Loren Snyder

No. 18
- Position: Quarterback

Personal information
- Born: November 28, 1963 (age 62) Yakima, Washington, U.S.
- Listed height: 6 ft 4 in (1.93 m)
- Listed weight: 207 lb (94 kg)

Career information
- High school: Thornton (CO)
- College: Northern Colorado
- NFL draft: 1987: undrafted

Career history
- Dallas Cowboys (1987); Denver Broncos (1988)*;
- * Offseason or practice squad member only

Awards and highlights
- All-NCC (1986);

Career NFL statistics
- Passing yards: 44
- TD–INT: 0-0
- Passer rating: 59.5
- Stats at Pro Football Reference

= Loren Snyder =

American football player (born 1963)

Loren Howard Snyder (born November 28, 1963) is an American former professional football player who was a quarterback in the National Football League (NFL) for the Dallas Cowboys. He played college football for the Northern Colorado Bears.

==Early life==
Snyder attended Thornton High School. He accepted a football scholarship from the Division II University of Northern Colorado. He was named a starter at quarterback as a sophomore, after passing senior Tom Aiello on the depth chart.

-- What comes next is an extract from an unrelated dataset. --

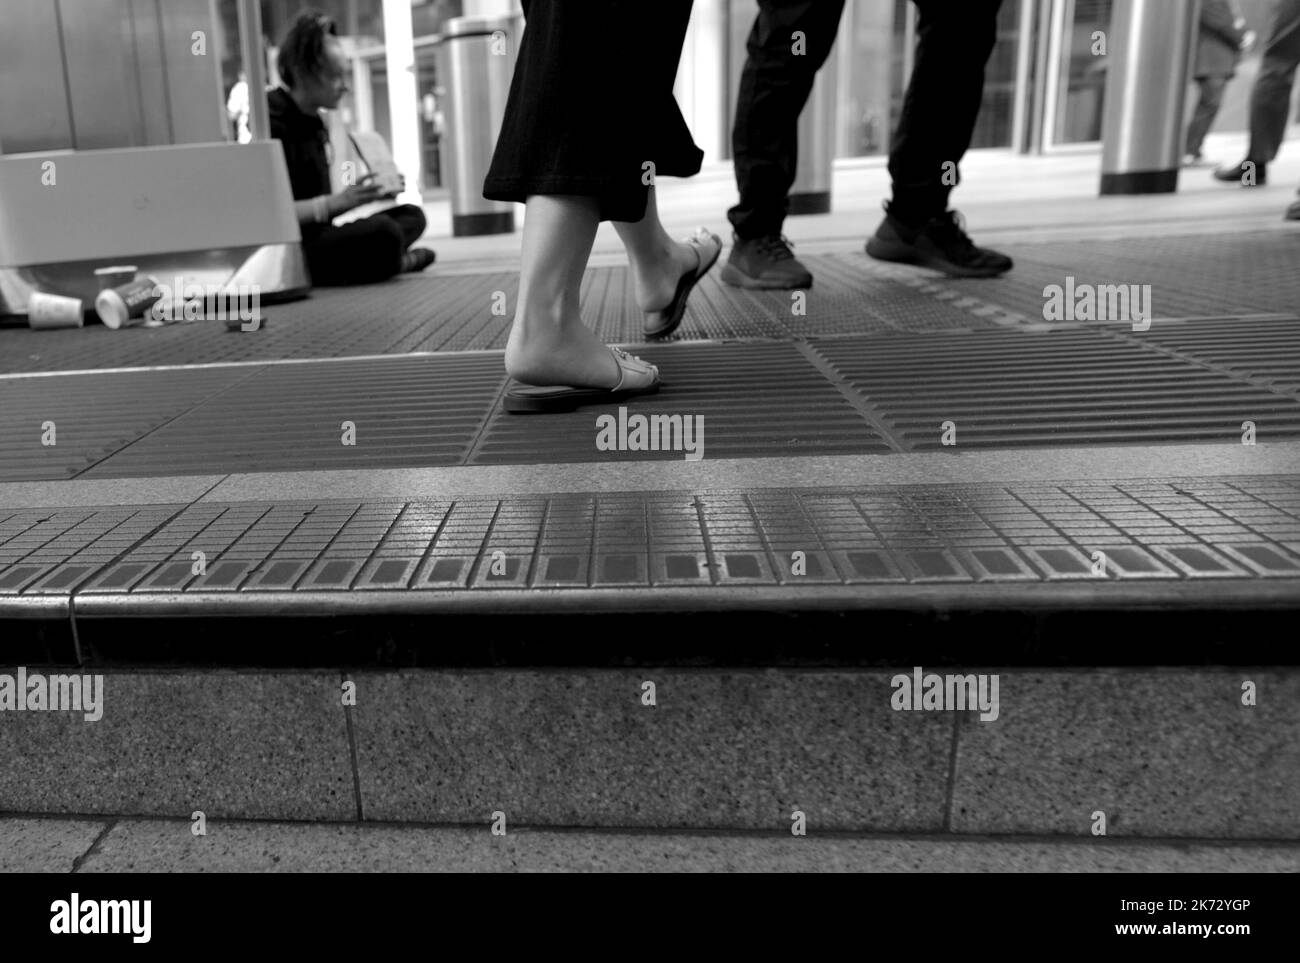 Londra, Inghilterra, Regno Unito. La gente che cammina davanti a una persona senza tetto che implora sui gradini della stazione della metropolitana Victoria Foto Stock

As a junior, he led the North Central Conference with 2,384 passing yards and 17 touchdown passes.

As a senior, he set a school single-season record with 2,724 passing yards, also breaking Mike Busch's North Central Conference 1984 mark. He additionally set school single-season records with 23 touchdown passes and 2,464 total offensive yards.

He finished his college career with 14 school records, including 6,214 passing yards, 6,874 total offensive yards and 48 touchdown passes. In 2010, he was inducted into the University of Northern Colorado Athletic Hall of Fame.

==Professional career==
Snyder was signed as an undrafted free agent by the Dallas Cowboys after the 1987 NFL draft. He was waived on August 31.

After the NFLPA strike was declared on the third week of the 1987 season, those contests were canceled (reducing the 16-game season to 15) and the NFL decided that the games would be played with replacement players. In September, he was re-signed to be a part of the Dallas replacement team that was given the mock name "Rhinestone Cowboys" by the media. He passed Stan Yagiello and Ben Bennett to become the third-string quarterback. He took over the offense in the third quarter of the game against the Philadelphia Eagles, to close out a 41-22 win, while tallying 4-of-8 completions for 44 yards. He appeared in 2 games, completing 4-of-9 passes for 44 yards. He was released on October 26.

On April 5, 1988, he was signed as a free agent by the Denver Broncos. He was released on August 15.

==Personal life==
In 2022, Snyder coached the Westview High School boys tennis team to a Division 1 CIF San Diego Section championship.